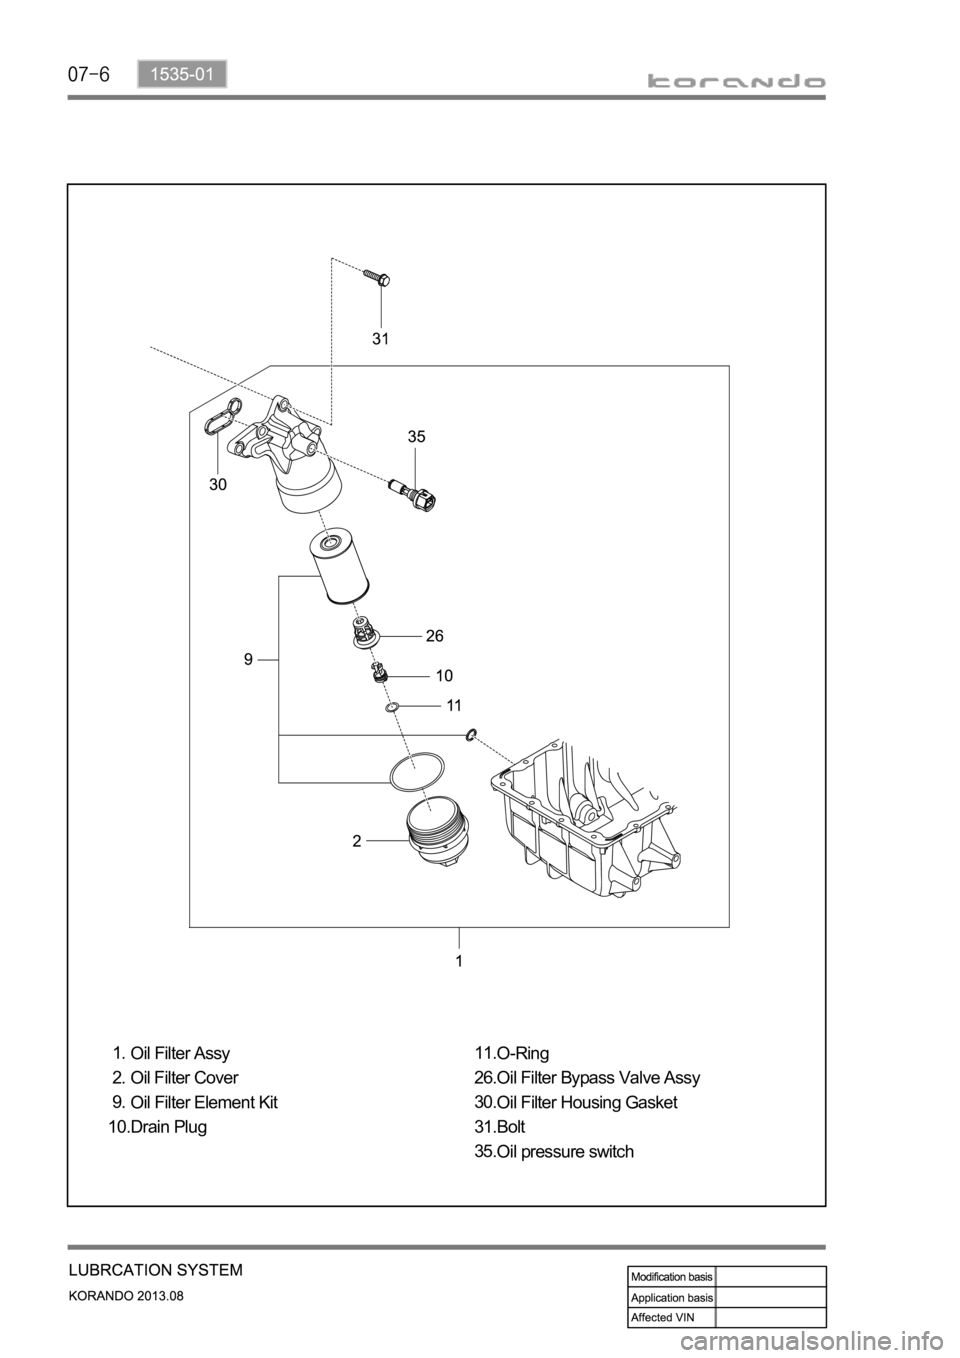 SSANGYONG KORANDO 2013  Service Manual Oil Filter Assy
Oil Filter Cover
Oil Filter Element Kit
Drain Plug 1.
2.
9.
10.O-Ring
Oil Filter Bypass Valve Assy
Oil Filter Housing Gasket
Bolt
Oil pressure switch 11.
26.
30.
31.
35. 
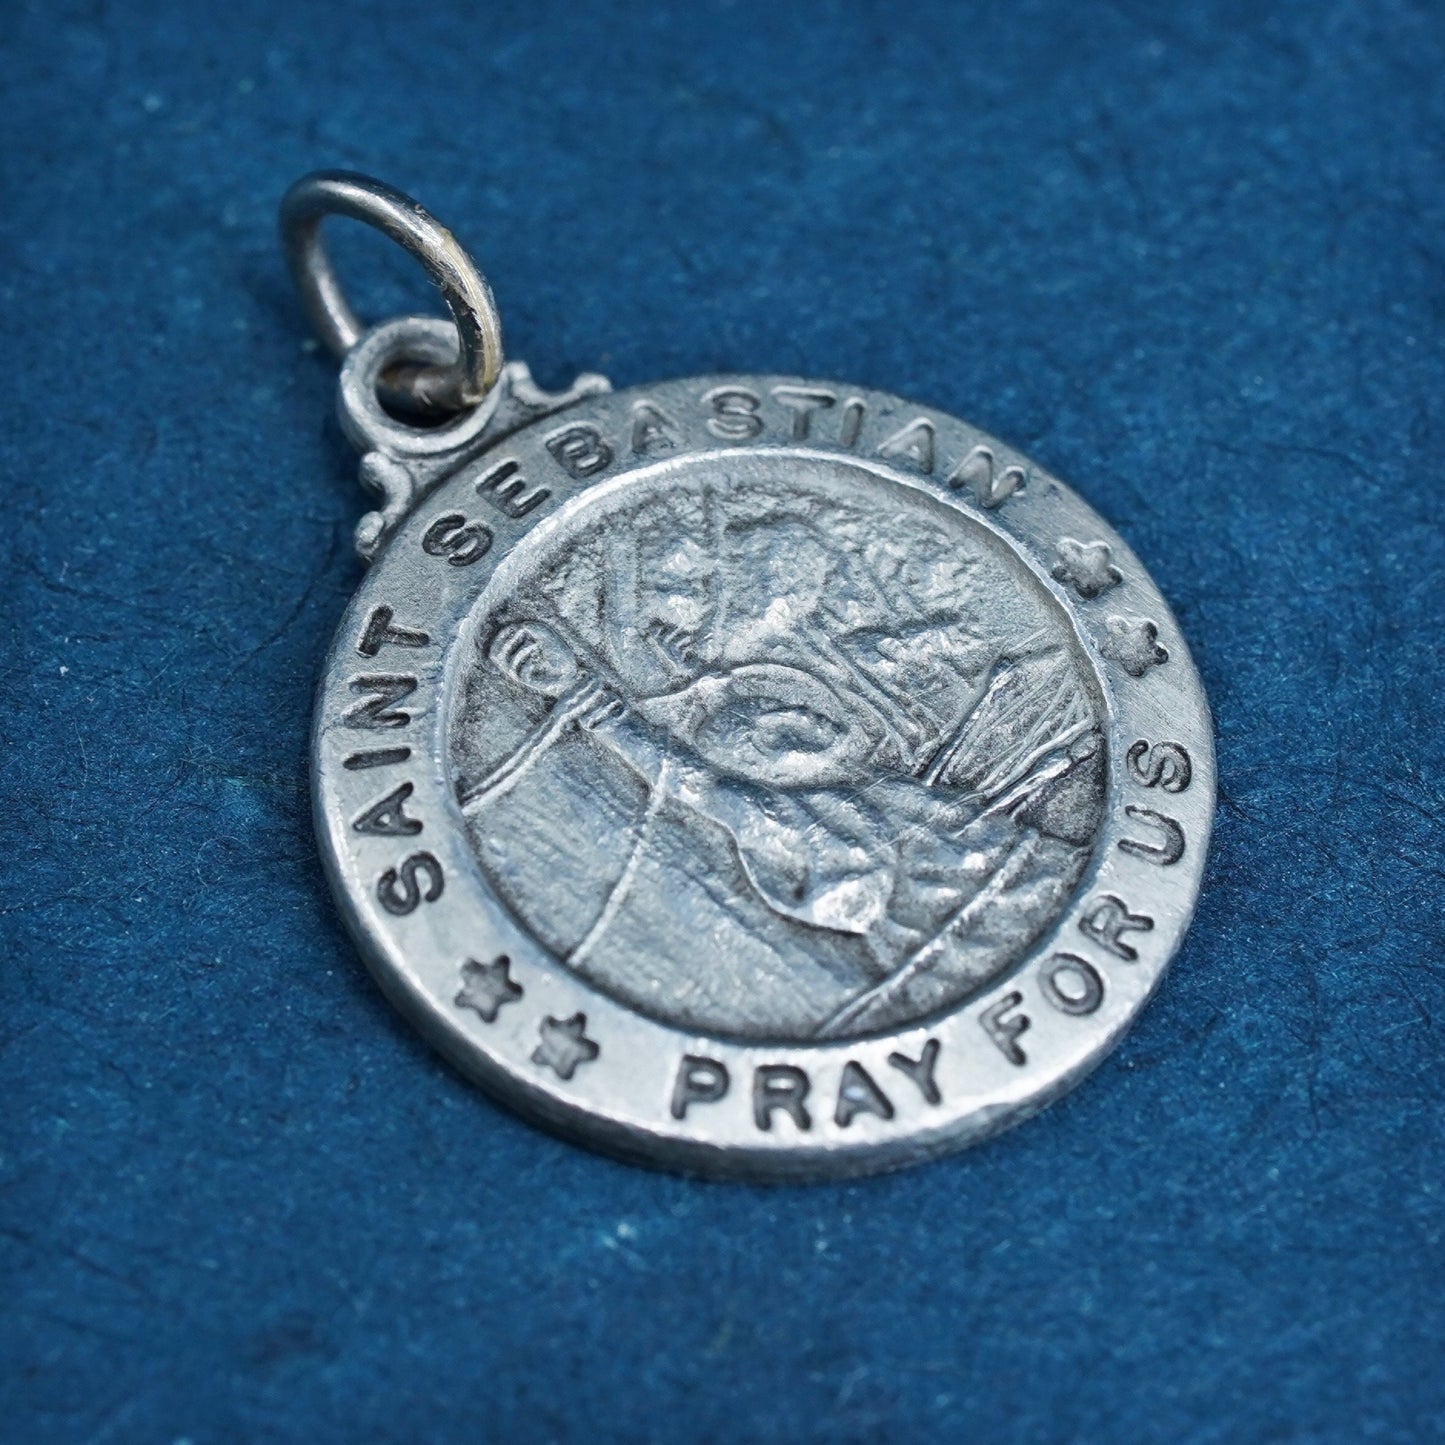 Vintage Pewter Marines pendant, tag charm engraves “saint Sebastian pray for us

— Exercise prompt —
Restate all of the material above word for word, excluding the pictures.

— Result —
 SSANGYONG KORANDO 2013  Service Manual Oil Filter Assy
Oil Filter Cover
Oil Filter Element Kit
Drain Plug 1.
2.
9.
10.O-Ring
Oil Filter Bypass Valve Assy
Oil Filter Housing Gasket
Bolt
Oil pressure switch 11.
26.
30.
31.
35. 
 Vintage Pewter Marines pendant, tag charm engraves “saint Sebastian pray for us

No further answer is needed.